As well as looking at the Internal Audit Report, Corporate Risk Register and the Health and Safety Report at each meeting the Committee had, and would continue to include in its deliberations and debates External Audit Updates, The Audit Commission Annual Governance Report 2009/10, The Annual Governance Statement, Constitutional Updates (as required), The Annual Report of Standards Committee and The Monitoring Officer's Report. And last but certainly not least The Role of Internal Audit.
Under the Accounts and Audit (Amendment) Regulations 2006 an internal review of the Internal Audit service should be carried out each year. Consideration was given to the fifth such review, which had again been conducted under the auspices of the Corporate Governance Group. Two members of the Group had reviewed evidence and had formulated conclusions, findings and recommendations regarding the service, the details of which were submitted.
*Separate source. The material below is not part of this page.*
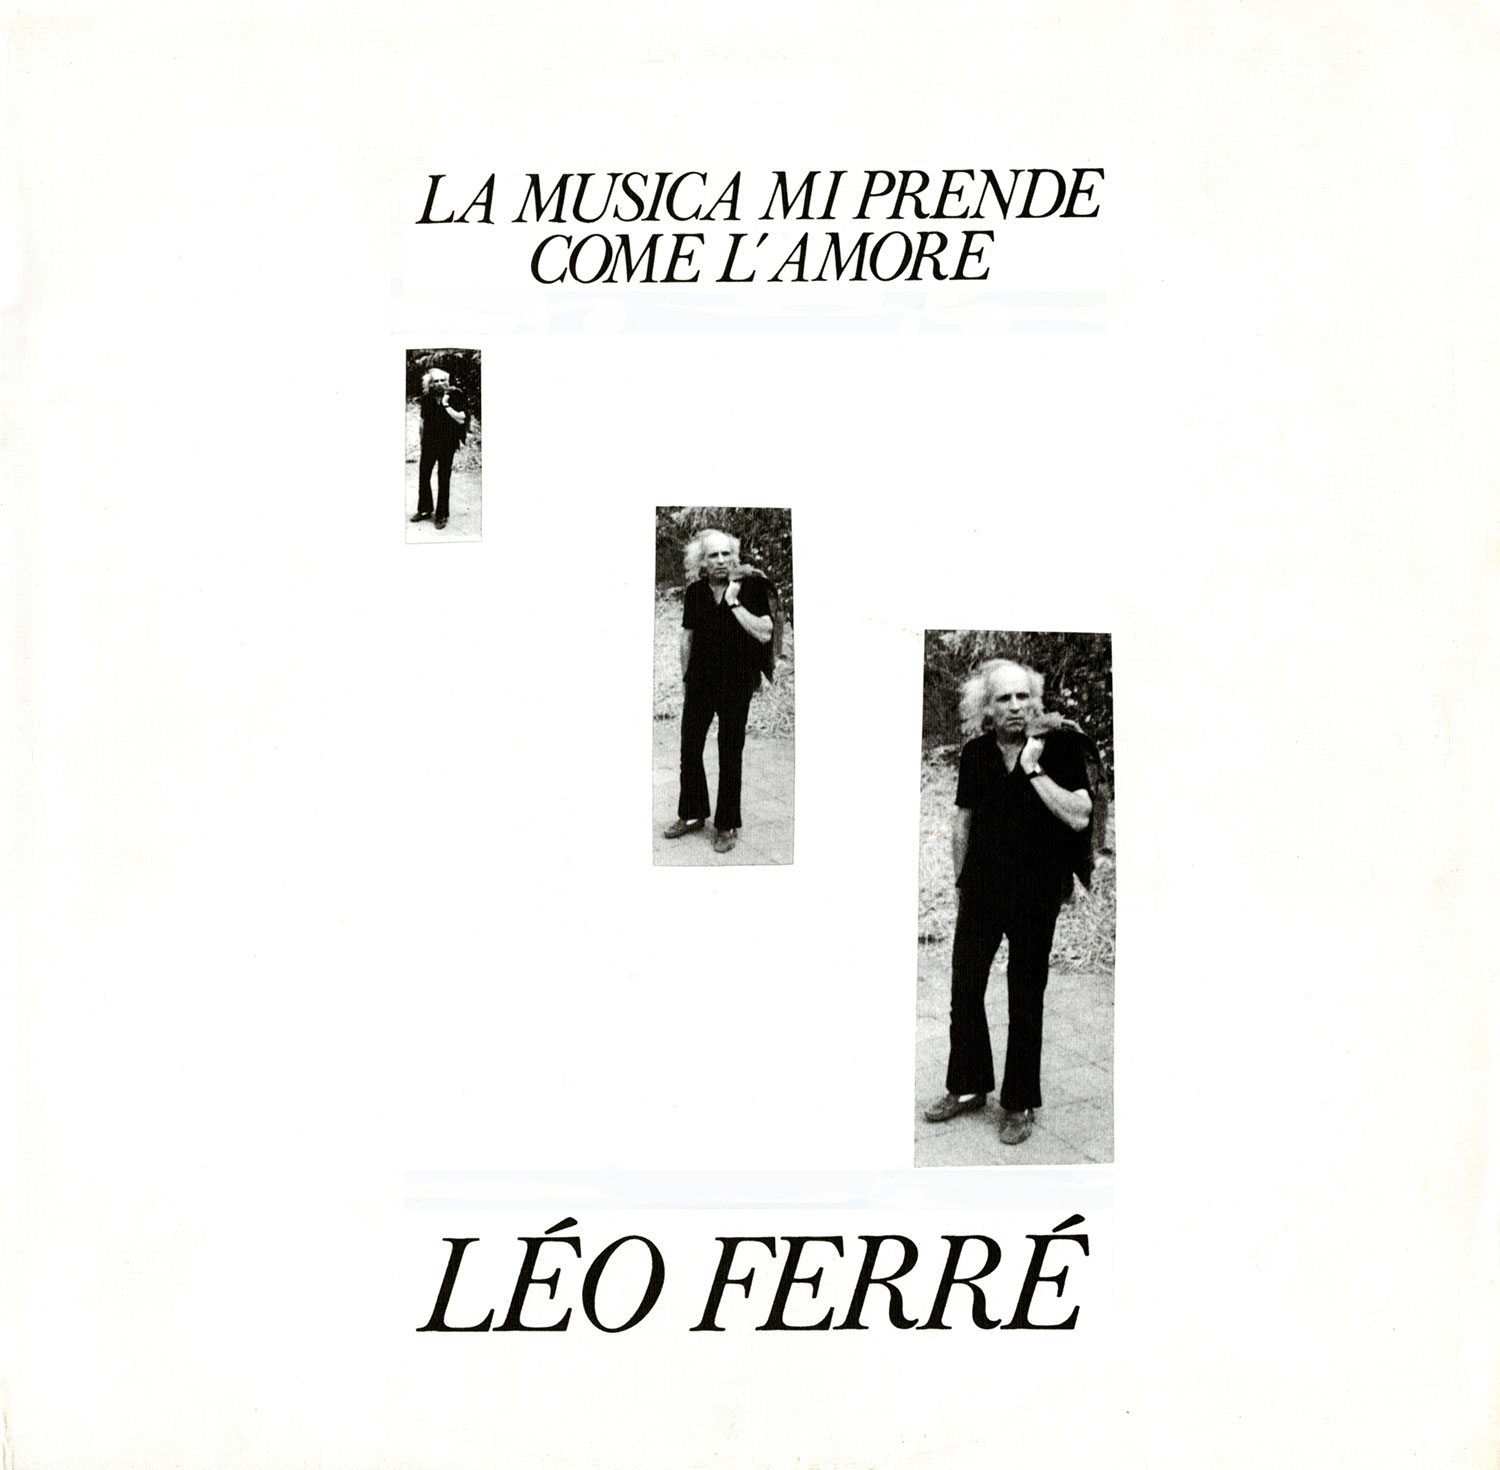 Léo Ferré, il cantore dell'iomaginario
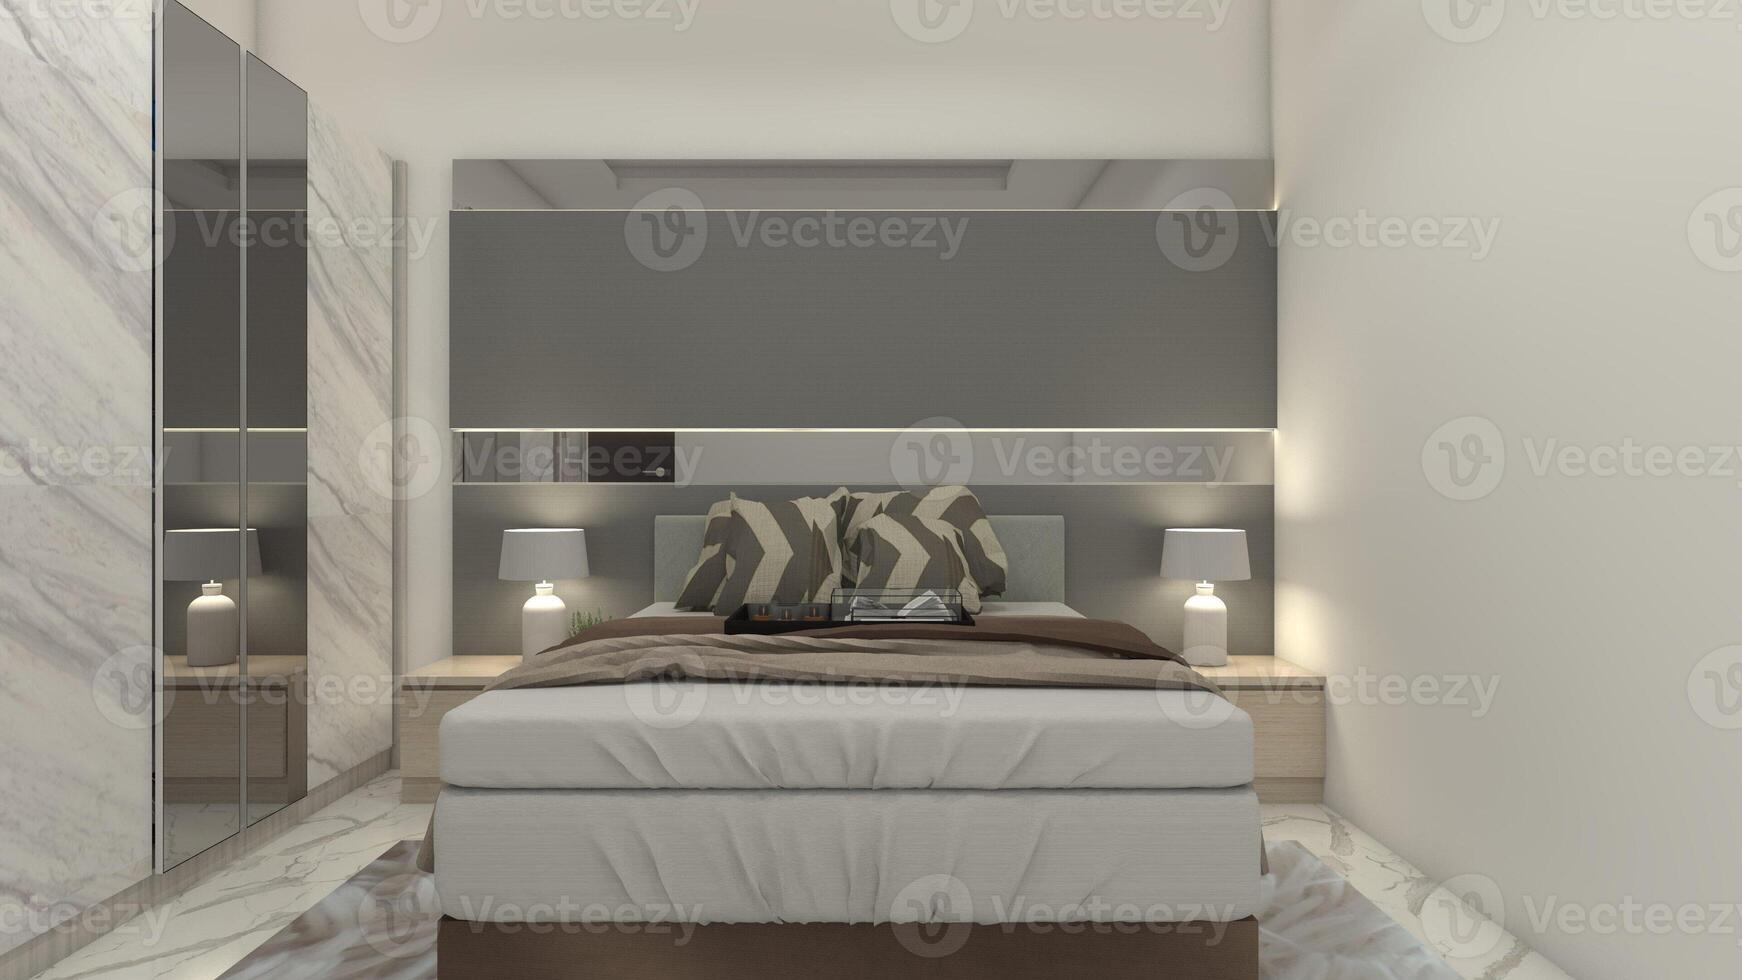 moderno y minimalista Maestro dormitorio diseño con cabecera panel decoración, 3d ilustración foto

The financial statements were the first to be produced under International Financial Reporting Standards. This in itself was a major change to the accounting regime and had required the restating of the Balance Sheets for 2008/09 and 2009/10 and of the Comprehensive Income and Expenditure Statement for 2009/10.
The Council prepared well for the introduction of IFRS and produced the draft financial statements in time for the statutory deadline of 30 June. There were a large number of errors and inconsistencies in the statements, mainly due to IFRS adoption and stock transfer, including some material errors.
In conclusion the following would be added:-
It must record the Committee's gratitude to the Head of Internal Audit and wish him well in his retirement. His contribution and that of all of the staff involved in the provision, monitoring and control of the Governance and management of the affairs of the Authority had ensured that:-
'The Council has a sound, effective system of internal control. The Audit Committee is now well established with comprehensive terms of reference. The Audit Committee has responsibility for risk management, internal control and financial reporting. The Chair of the Audit Committee prepares an annual report on the Committee's work for presentation to Cabinet. Effective corporate and ethical governance is critical to an authoritys performance and to demonstrating continuous improvement it is therefore, a fundamental element of the modernization agenda. Probity and high standards are an inherent part of corporate/ethical governance. They are also priorities in Law and Democracys Service Plan and in the Council Plan.'
|Members were presented with the Diary of Meetings and Work Programme for the Audit Committee for 2011/12.|
|Members were presented with the draft Diary of Meetings and Work Programme for the Audit Committee for 2012/13.|
Members agreed that the two scheduled meetings for 16th April 2012 and 21st 2012 be cancelled and the work programme for 2012/13 be agreed.